The Port of Bellingham unanimously approved spending nearly $100,000 on public relations to improve its public image during its August 13 meeting.
Commissioners authorized port executive director Rob Fix to contract a one-year strategic communications campaign with Conflux Associates, a Bellingham-based company owned by Peter Frazier. The contract is set to end August 31, 2025.
The port’s goals with the communications campaign include increasing public awareness of its vision, clarifying the port’s work, gaining public support, increasing the port’s power and ability to do its work, and improving employee morale and retention, according to a port memo.
The port already employs a public affairs administrator, Mike Hogan.
The contract comes on the heels of public scrutiny toward the port, most recently after the port let go of Bellingham International Airport’s aviation director in mid-July. Deputy aviation director Emily Phillipe resigned August 12, according to an August 14 Cascadia Daily News article.
The port commissioners approved the contract in their consent agenda, a section of the meeting where items are voted in a single motion typically without discussion. The contract was one of 14 consent agenda items, and four items were listed as action items.
Conflux Associates LLC did not appear to have a website and the business address provided on the contract agreement was for a home on Chuckanut Point Drive in Bellingham. The Washington State Secretary of State website shows the company registered in June 2017.

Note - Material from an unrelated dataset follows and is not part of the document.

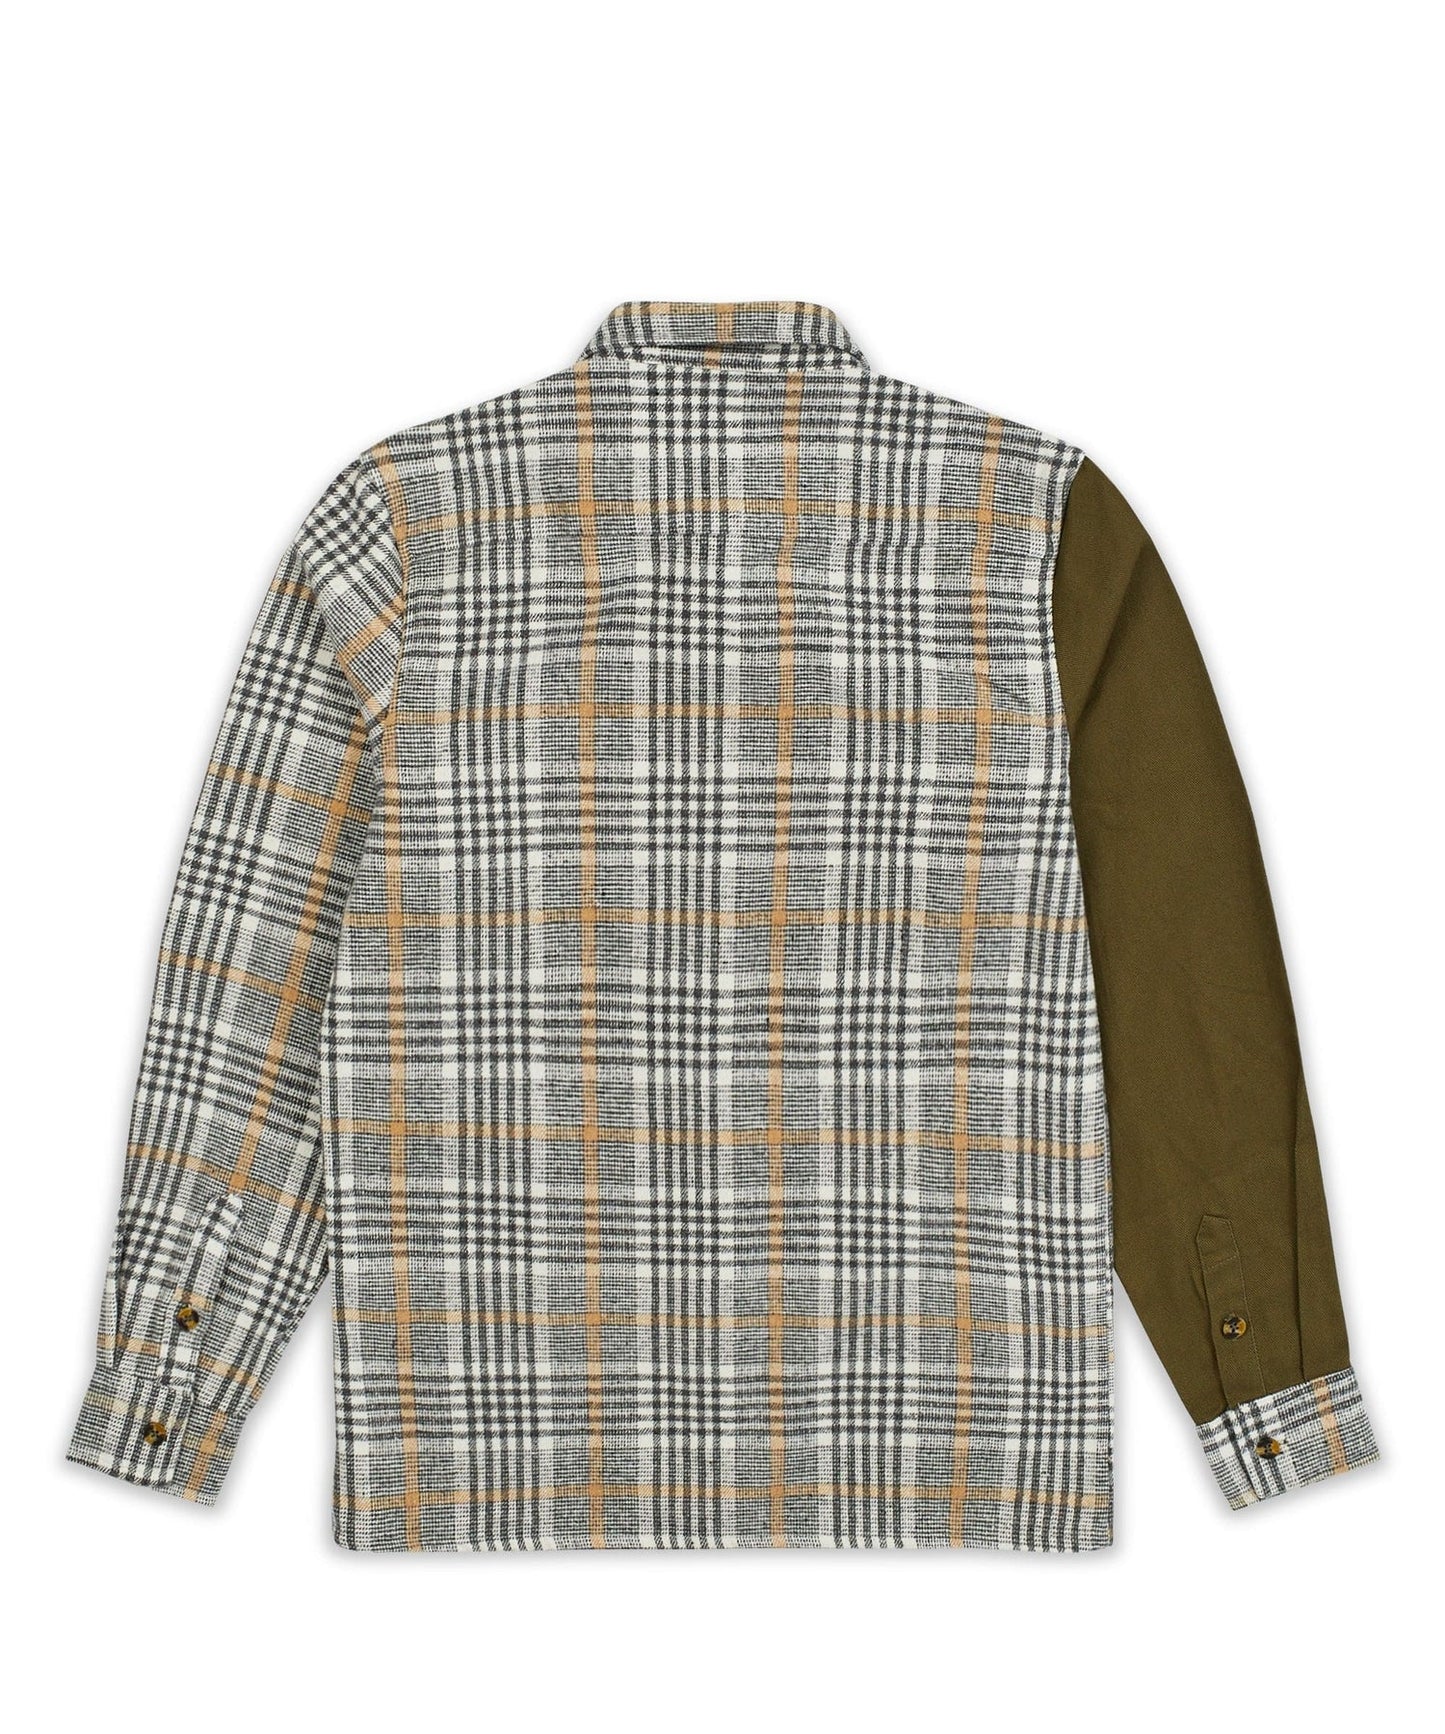 REASON Colorblock Plaid Olive Sleeve Overshirt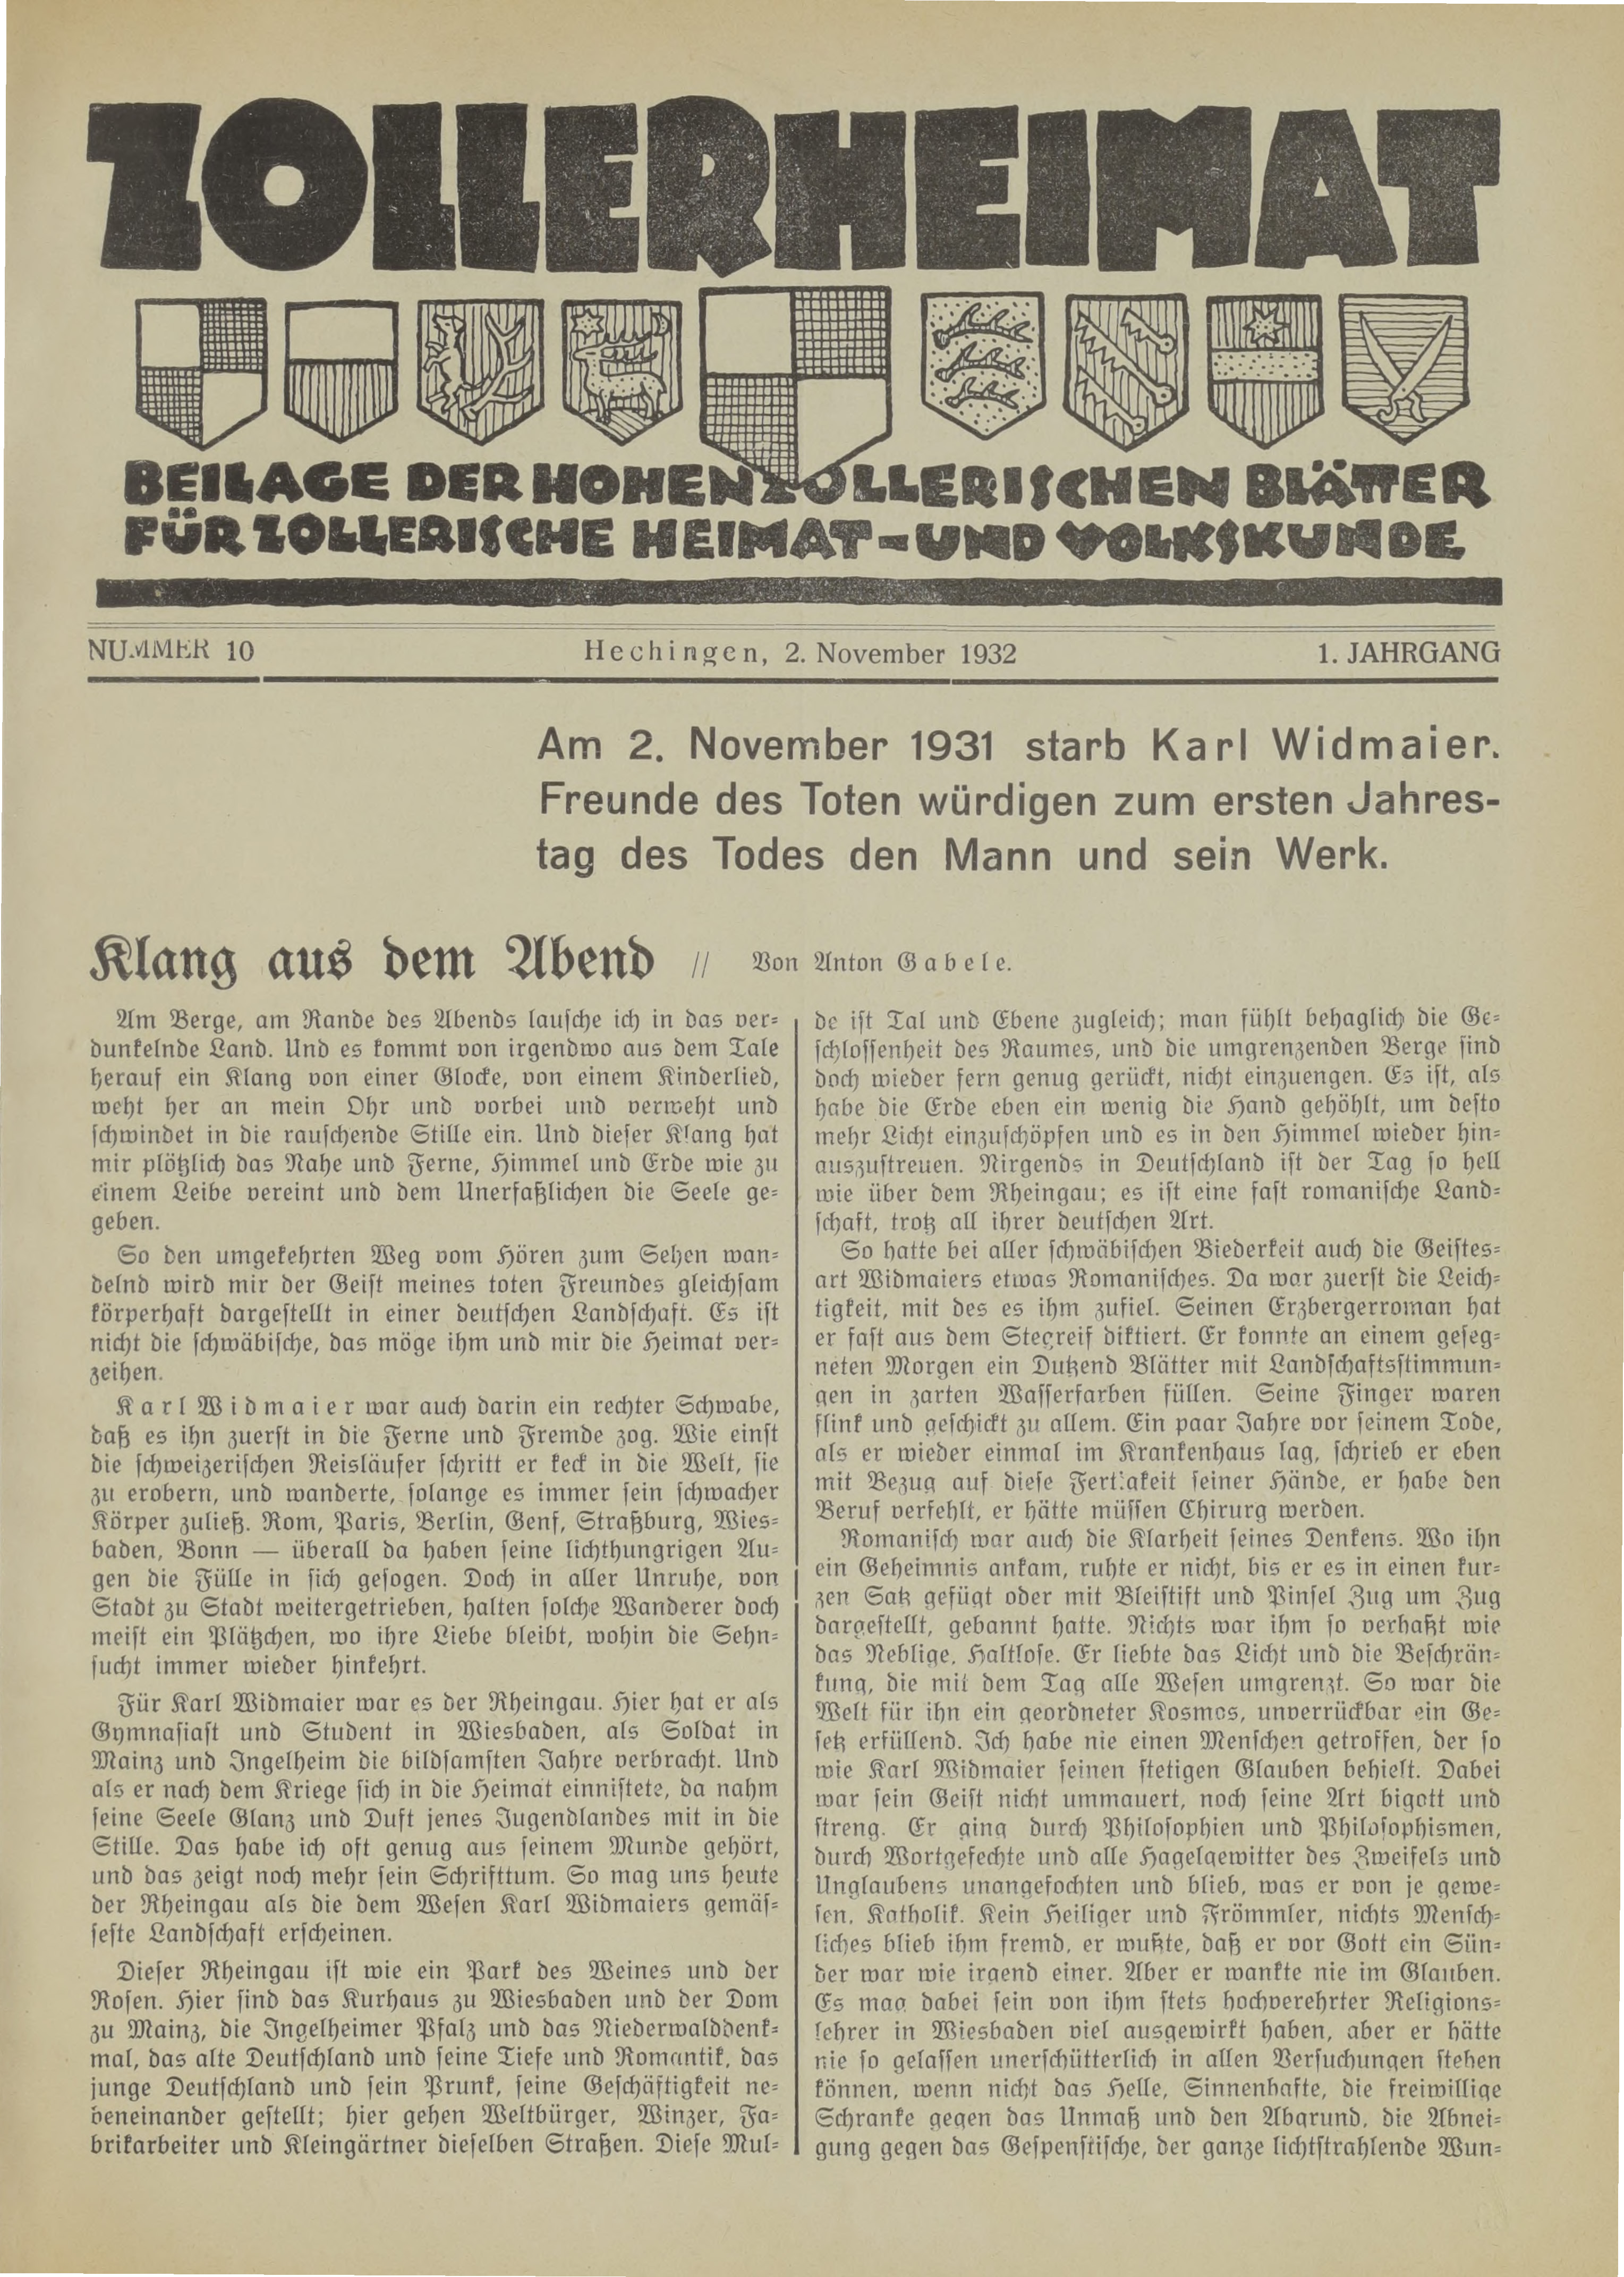                     Ansehen Bd. 1 Nr. 10 (1932): Zollerheimat

Frazier, who also helped found Hotel Leo and Heliotrope Hotel, wrote in the proposal to the port that it “pains me to see Port of Bellingham take such a reputational beating. The problem has been growing for some time but has reached a critical nadir.” He added the port’s reputation would impact hiring, job satisfaction and team building.
In his strategic communications campaign plan, Frazier wrote that the public’s opinion of the port is low and that “a nuanced discussion about the work of the port is beyond most voters and taxpayers.”
“We will create a soaring and plausible vision of what Whatcom county will look like in the near future when the Port has fulfilled its mission, its partnerships have succeeded, and community economic development opportunities have been realized,” Frazier wrote in the proposal. “Goals help us get to where we want to go, but inspiring people is difficult without a clear, tangible, and attractive vision. This vision is not intended to be public-facing in this form.”